Certains mythes sont construits de toutes pièces, tel l’Atlantide, une puissance civilisation ayant existé il y a 11.000 ans se développant sur une île aussi large que l’Afrique et l’Asie réunies au-delà du Détroit de Gibraltar. Les Athéniens ont vaincu les Atlantes qui désiraient les asservir avant qu’un cataclysme plonge l’île dans l’Océan. C’est une invention de Platon au –IVe siècle. Celui-ci construit un faux récit historique donnant une date, une localisation et une caution scientifique puisqu’il cite les travaux de l’historien Solon ayant voyagé en Egypte. Le mythe de l’Atlantide est construit à des fins politiques. Platon souhaite transmettre son message aux citoyens athéniens. Cependant afin de ne pas les heurter, il les invite à réfléchir sur une civilisation ayant supposé existé. Platon les met en garde contre l’impérialisme. Après la défaite contre Sparte, Athènes est en guerre contre ses alliés. L’Atlantide véhicule un message intemporel s’adressant à tous les Etats.

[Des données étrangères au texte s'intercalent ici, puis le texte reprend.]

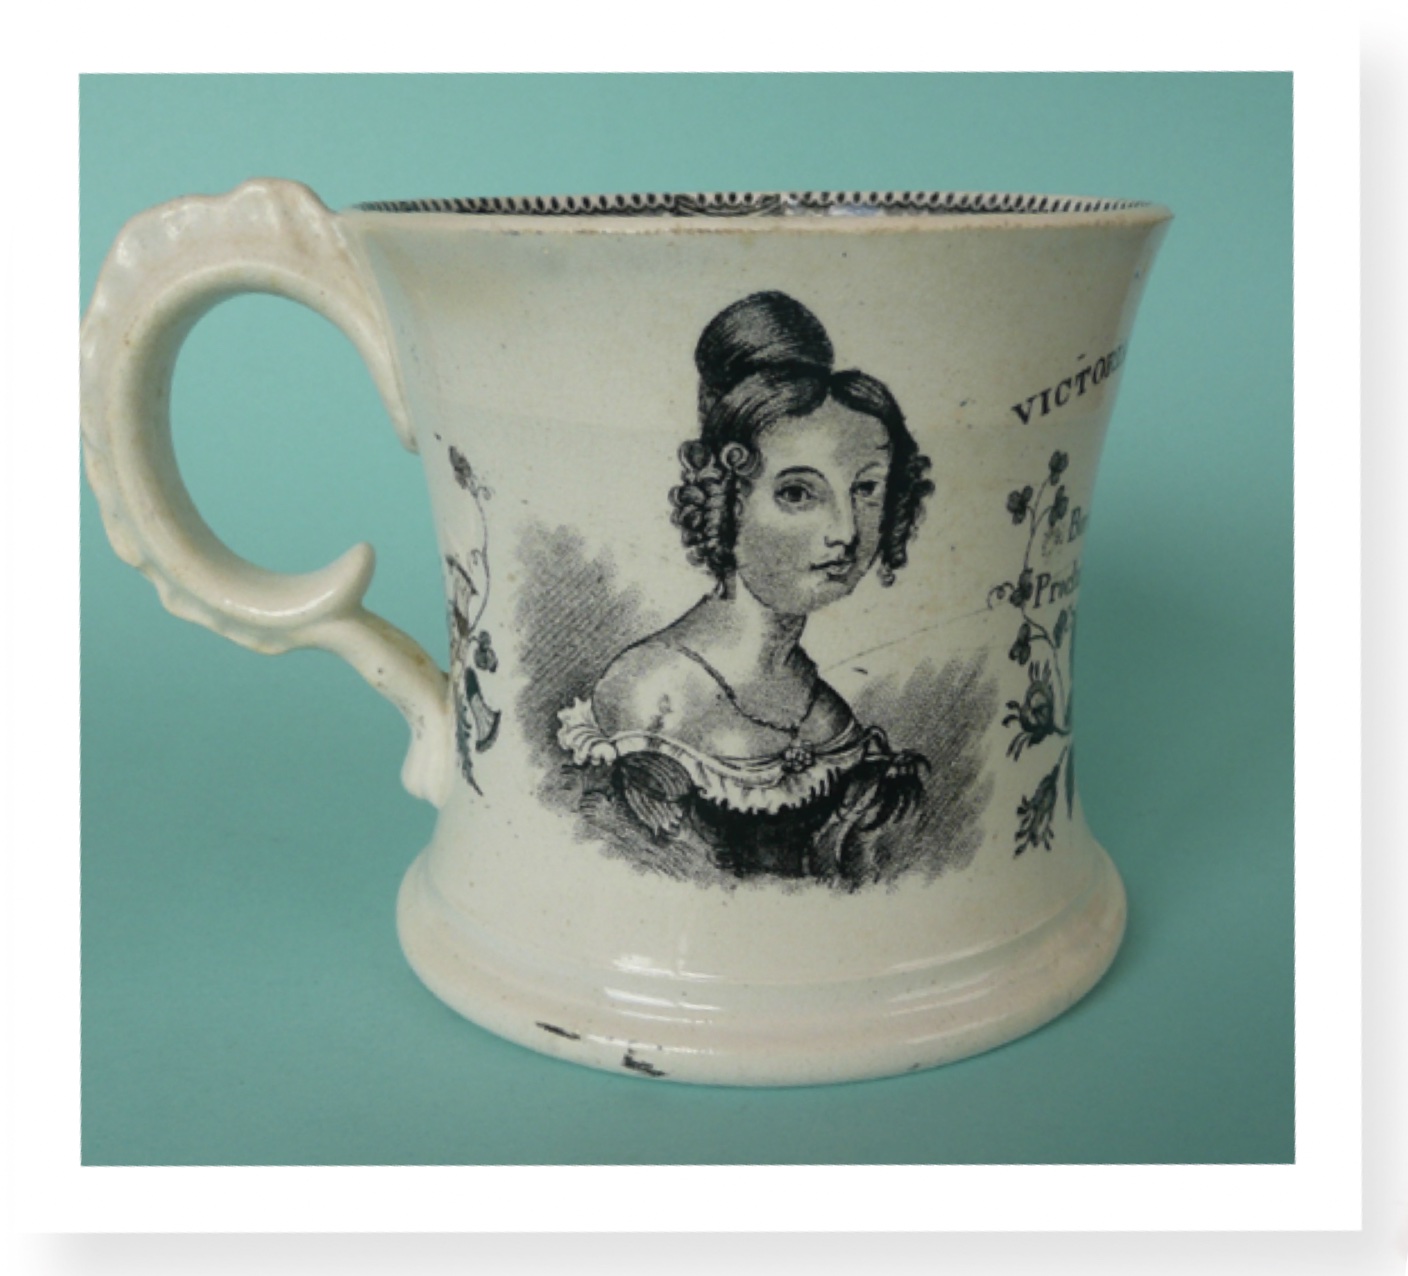 Swansea purple transfer mug marking the coronation of Queen Victoria in 1838

Les Pères de l’Eglise combattent les mythes en y puisant des éléments montrant les comportements immoraux des dieux grecs. Certains mythes sont transformés et intégrés à la Bible : les juges des Enfers lors du jugement dernier, Noé avec Deucalion le fils de Prométhée qui échappe au déluge créé par Zeus pour punir les Hommes qui ont reçu le feu. Les premiers chrétiens vivent dans la culture gréco-latine. Ils fréquentent les mêmes écoles que les païens. Ils disent que les Grecs n’étaient pas loin de la Révélation. Au XIIe siècle, les mythes servent pour l’enseignement du latin dans les écoles. Les intellectuels les considèrent aussi comme des objets de beauté en ce qui concerne les poètes antiques. Au Moyen âge, les moines jouent un grand rôle dans la sauvegarde des mythes grecs. Ils trient les écrits des Anciens. Au XVIIe siècle, l’opéra et la tragédie mettent en scène des mythes grecs. En Italie, les Princes commandent ce type de sujet, car ils apprécient de voir les dieux et les héros auxquels ils s’identifient par les vertus et les valeurs de leur groupe social. Au XIXe siècle, les psychanalystes, dont Freud, s’emparent des mythes grecs. De nos jours, ces histoires vivent toujours au travers de la littérature, du cinéma, de la bande dessinée et des jeux vidéo.

Sources
Texte : "Grèce : des dieux et des Hommes : à quoi servent les mythes", L'Histoire, n°389, juillet-août 2013, 112p.